Elon Musk has labelled President Donald Trump's top trade adviser, Peter Navarro, a "moron" and "dumber than a sack of bricks," highlighting divisions within the Republican administration over tariffs.
Musk's reaction on Tuesday came a day after Navarro claimed that Musk, who owns electric car company Tesla, is "not a car manufacturer — he's a car assembler."
"If you go to his Texas plant, a good part of the engines that he gets (which in the EV case are the batteries) come from Japan and come from China," Navarro said.
"The electronics come from Taiwan... what we want — and the difference is in our thinking and Elon's on this — is that we want the tires made in Akron. We want the transmissions made in Indianapolis. We want the engines made in Flint and Saginaw. And we want the cars manufactured here."
"Navarro is truly a moron. What he says here is demonstrably false," Musk responded.

US President Donald Trump is refusing to budge on his swingeing tariffs despite countries retaliating and global recession warnings growing louder. Here is how the tariffs could affect wallets of Americans.
The billionaire Trump adviser, who has been dismantling federal agencies through the Department of Government Efficiency (DOGE), added that "Tesla has the most American-made cars. Navarro is dumber than a sack of bricks."
The world's richest man recently backed a free-trade zone between North America and Europe — a wish at odds with Trump's flagship tariffs.

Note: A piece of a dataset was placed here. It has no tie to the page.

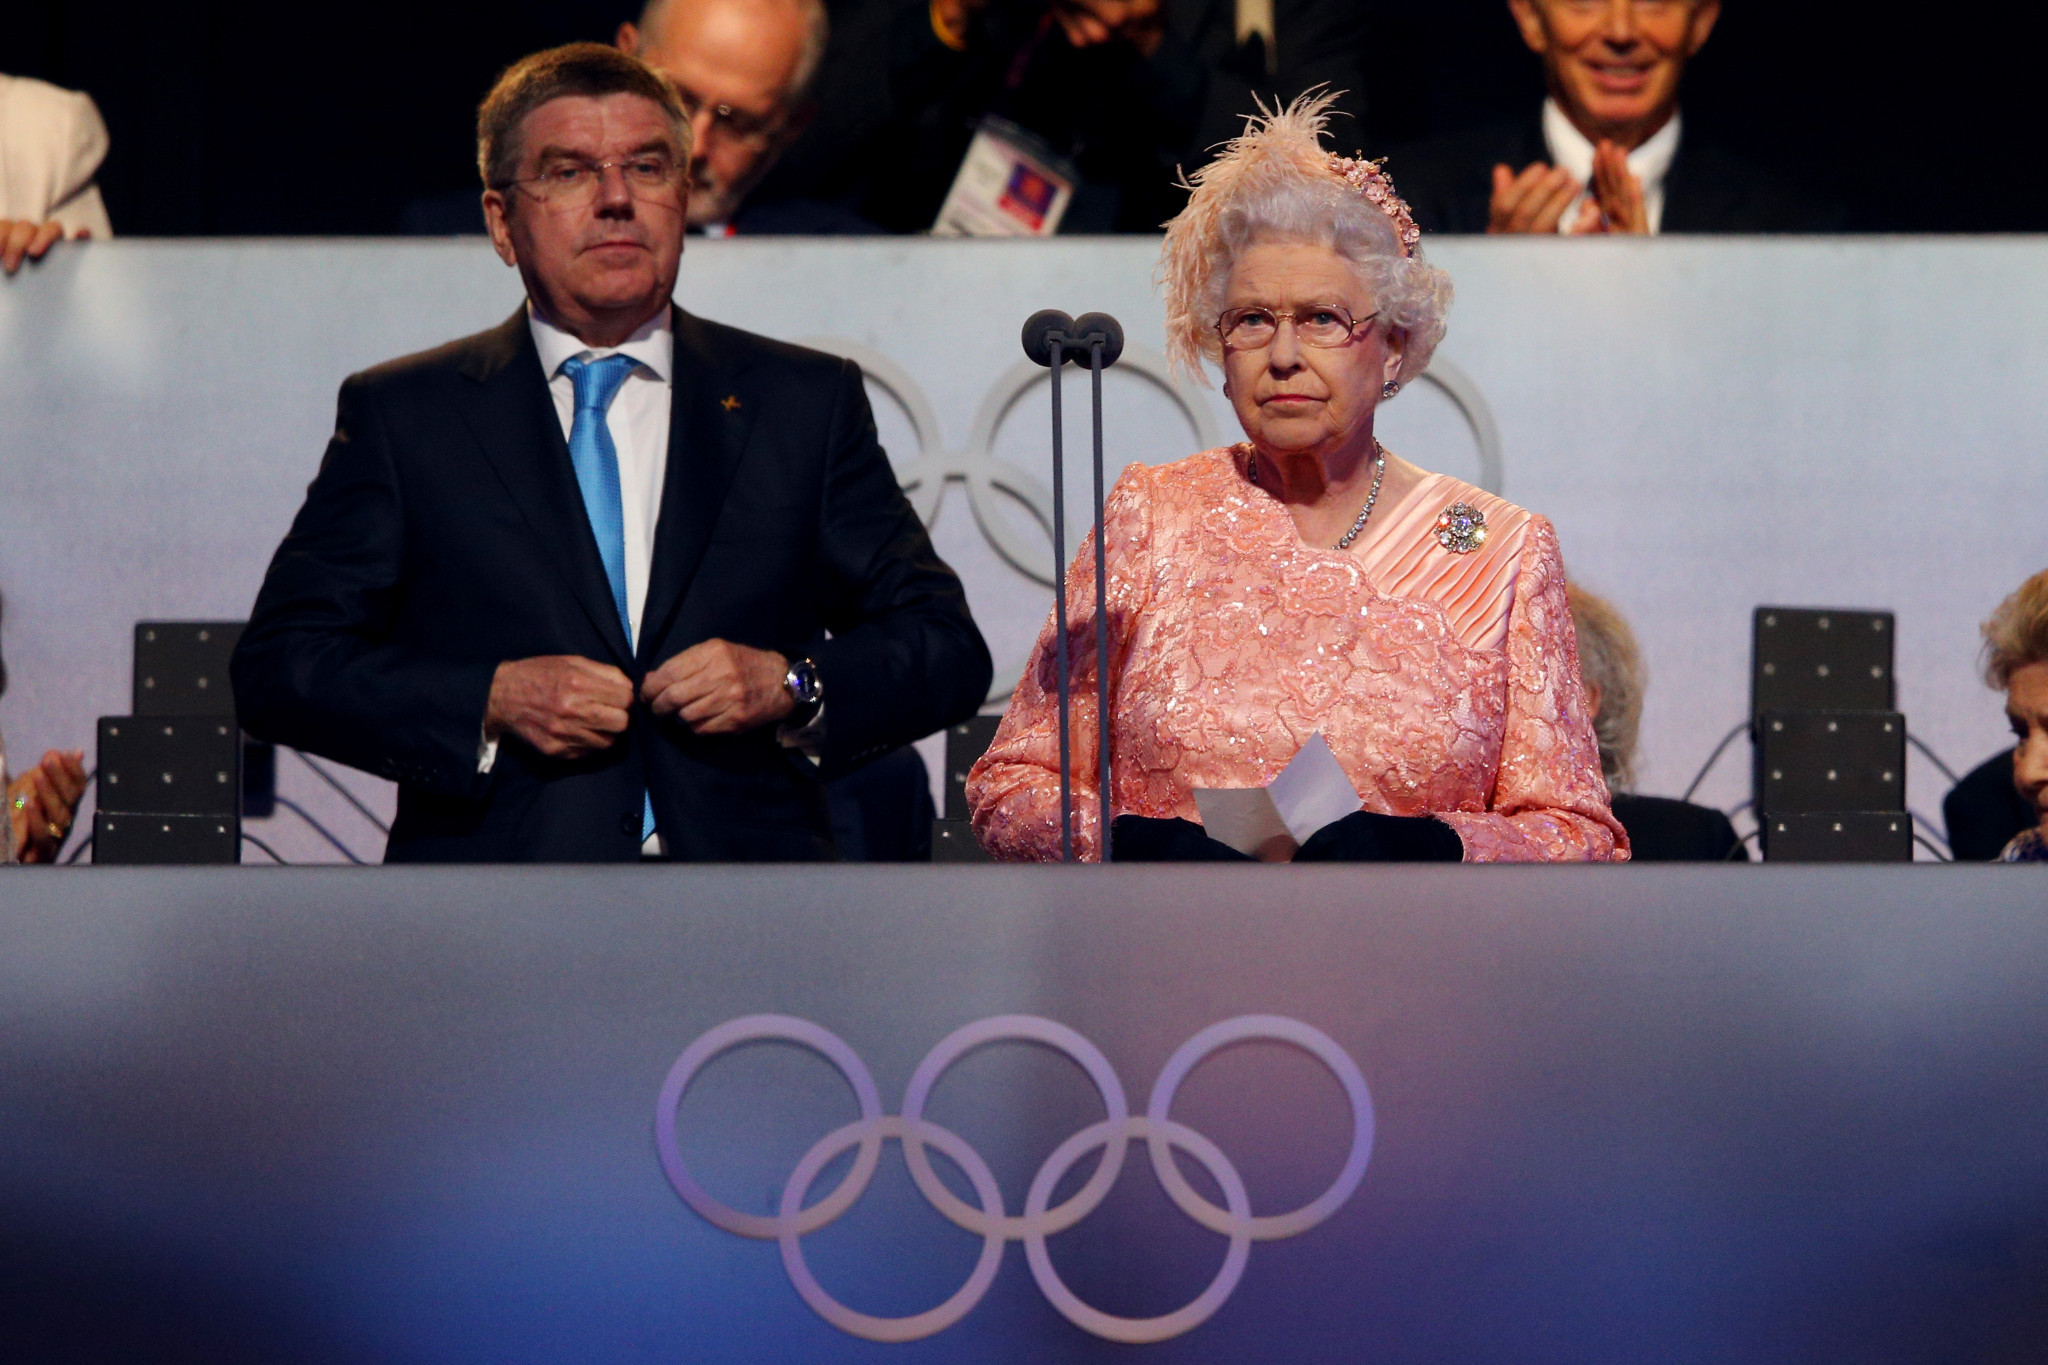 Tributes paid from across the world of sport following death of Queen Elizabeth II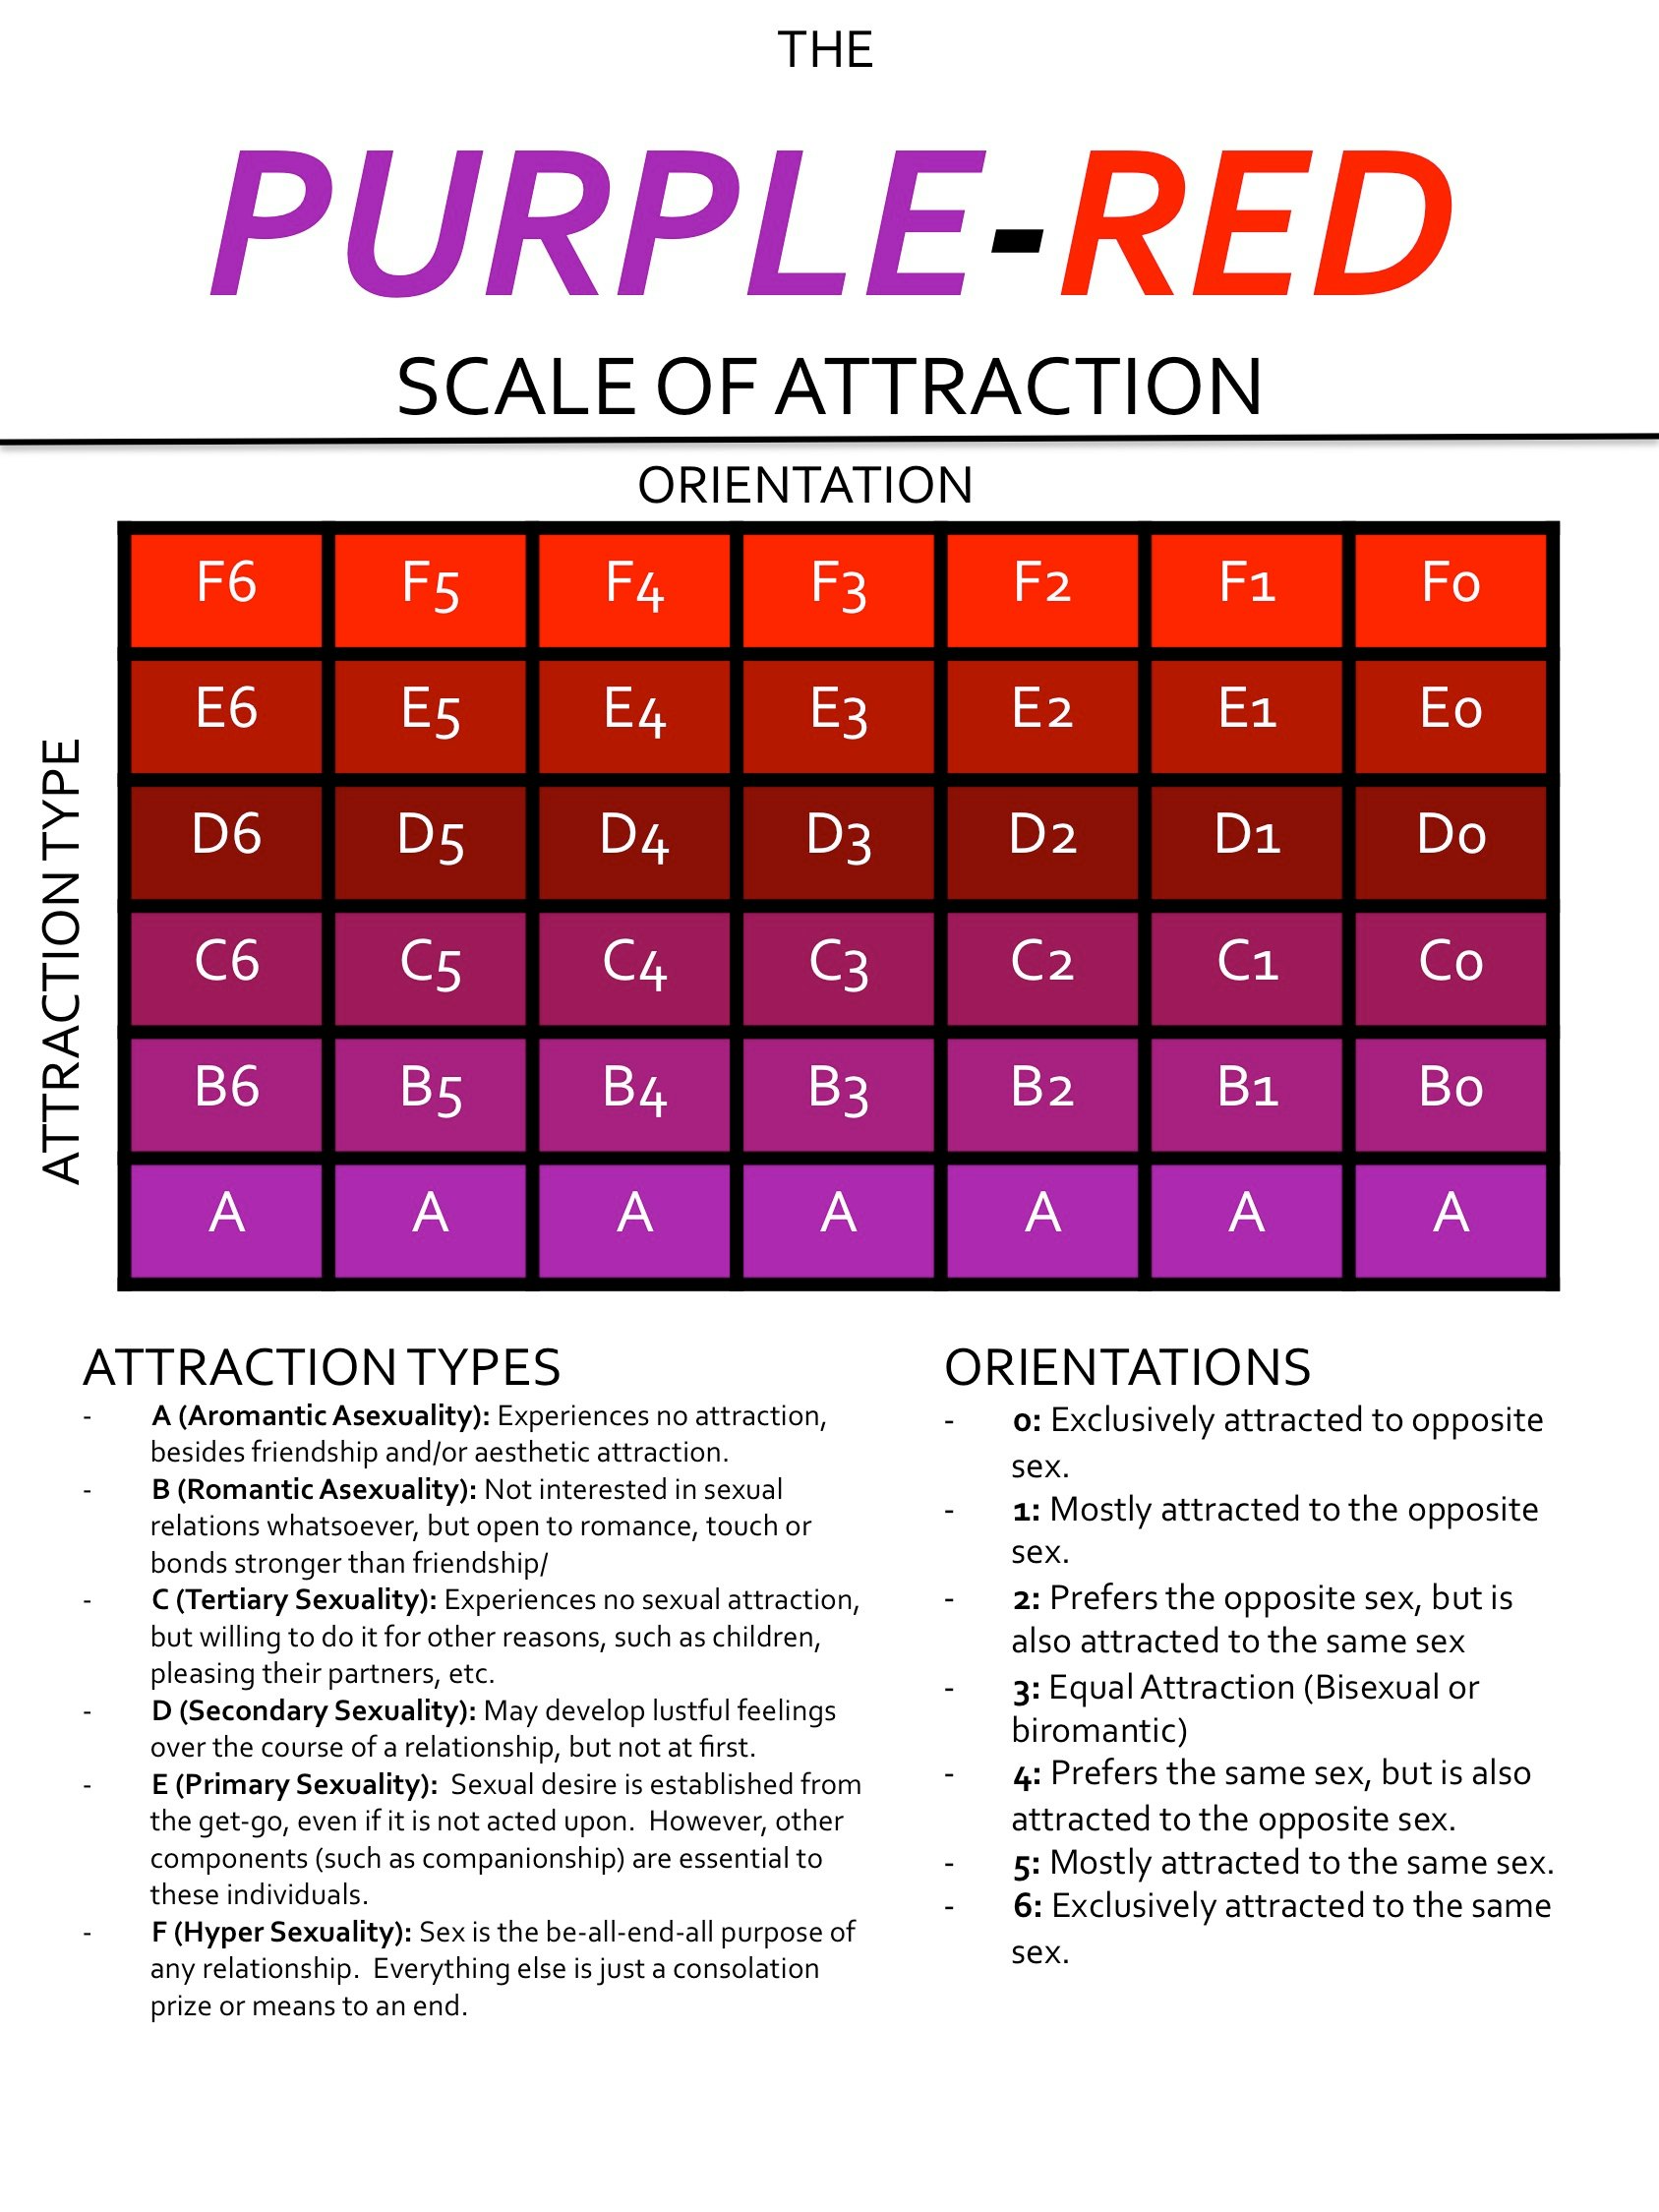 take the kinsey scale test

The US president has ruled out any pause in his aggressive stance despite retaliatory action from China and signs of criticism from within his Republican Party.
The Navarro-Musk feud highlights growing public tensions as Trump remains firm on tariffs.
On Sunday billionaire Trump backer Bill Ackman wrote on social media that the tariffs would cause an "economic nuclear winter" and asked the president to pause them.
Prominent Trump supporters, including Barstool Sports founder Dave Portnoy and podcast host Joe Rogan, have expressed similar concerns about the tariffs.
Markets plummeted for a second day, erasing trillions from investment and retirement portfolios. Analysts now foresee an increased risk of a US-led global recession.